The third algorithm was any-duration cough followed by GeneXpert/AFB swab microscopy, and with this algorithm we found 16%, more than one study in the same area across all ages, as 4.5% of PTB cases. This difference shows that GeneXpert provides more results in children with an indicative CXR score and is important in this age group. Chest X-ray was performed in 399/438 (91%), making it the most commonly used screening modality in this study. All chest radiographs were frontal (AP). Approximately 55/399 (13.78%) had evidence of tuberculosis on chest X-ray. Diagnosis was based on a cough screening algorithm followed by chest X-ray. Also, the algorithms required fewer modifications to be sentence specific. Thus, if a facility has an X-ray machine and a radiologist, this can be incorporated into the routine standard of care. As recommended by the World Health Organization, CXR screening is a good healthcare choice because it reduces costs and logistical challenges compared tocommunity-active case searches. Of 270/438 (61.6%),GeneXpert MTB/Ref gastric lavages were performed, of which 32 were positive, with a percentage positive of 11.8th %. Only 51 children had an AFB smear, of which 2 were positive with a positivity rate of 2/51 (3.9%).The use of cough screening algorithms followed by a chest x-ray followed by a GeneXpert sputum test resulted in 21% more cases of PTB than a chest x-ray alone (clinical) 13.78%. This result supports the recommendation to use GeneXpert as the first diagnostic test at the point-of-care [31, 32] over conventional tests due to its rapidity and sensitivity to diagnostic tests. resistant to TB. The use of cough screening was helpful in the COVID-19 time as TB services were compromised [33–35].

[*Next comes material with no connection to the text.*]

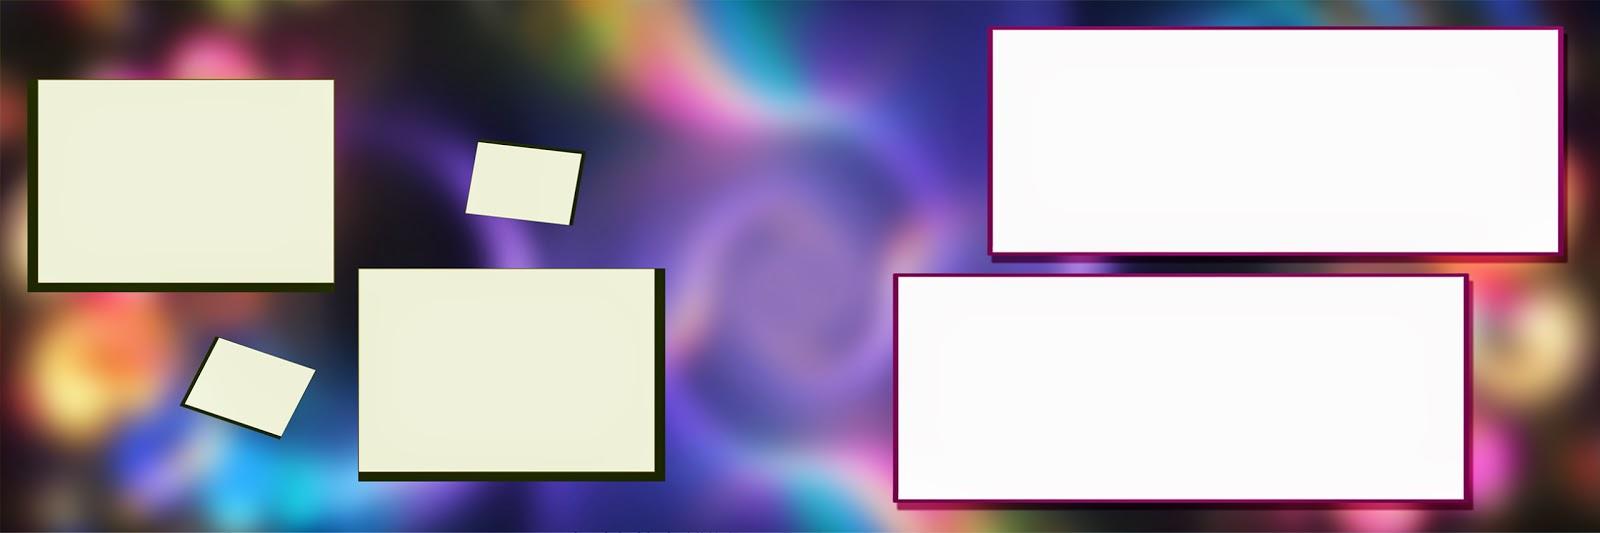 Creative Psd Files: 12x36 Latest Karizma Album Template 20 Psd Files ...

In this study, fever, weight loss, and TB contact history are highly associated with TB positivity rates in children. Differences in TB detection rates between countries such as Ethiopi a may be influenced by the prevalence of the HIV epidemic, overcrowding, differences in the sensitivity of laboratory diagnostic techniques, and variability in the effectiveness of preventive measures [36–40]. In current times where technologies are rapidly evolving to advance TB care and management [], such advanced technologies are are urgently needed to improve childhood TB case ditection. (Atehortúa et al., 2015; Hajizadeh et al., 2021).

Conclusion

Microbiological pulmonary TB detection in children is low compared to clinical and x ray detection despite advancement in modern rapid test, such as GeneXpert making clinical the most sensitive diagnostic method in children. Fever ,weight loss and TB contact history is the most important clinical features that must be emphasized during clinical screening of TB in children. Socio-demographic history is important in our setting during clinical diagnosis of TB in children and must be given attention. Use the algorithm of combined clinical and confirmatory tests can improve rate of PTB diagnosis in children. We recommend use of symptom screening followed by CXR and the confirm by GeneXpert where the tests are available to improve microbiological diagnosis of childhood tuberculosis using more sensitive and specific diagnostic technique. In clinically high-risk children use of Chest x ray only is a good choice at health facilities that reduces the logistic challenges of bacteriological confirmation and possible under diagnosis. AFB smear is less important in children compared with GeneXpert to confirm TB case in children and not recommended especially for younger children less than 5 years.

Acknowledgment

The authors are grateful to the Center for Innovative Drug Development and Therapeutic Trials for Africa (CDT-Africa), College of Health Sciences, Addis Ababa University, Ethiopia for providing technical support and managing the grant. The authors thank Haramaya University for supporting the execution of the project.

Funding

This work was funded by the European and Developing Countries Clinical Trials Partnership (EDCTP2) program supported by the European Union under grant number CSA2016S-1608. TM recived support from the Fogarty International Center and National Institute of Allergy and Infectious Diseases of the US National Institutes of Health under grant number D43TW009127. The content is solely the responsibility of the authors and does not necessarily represent the official views of the EDCTP or the US National Institutes of Health.

Footnotes

Additional Declarations: No competing interests reported.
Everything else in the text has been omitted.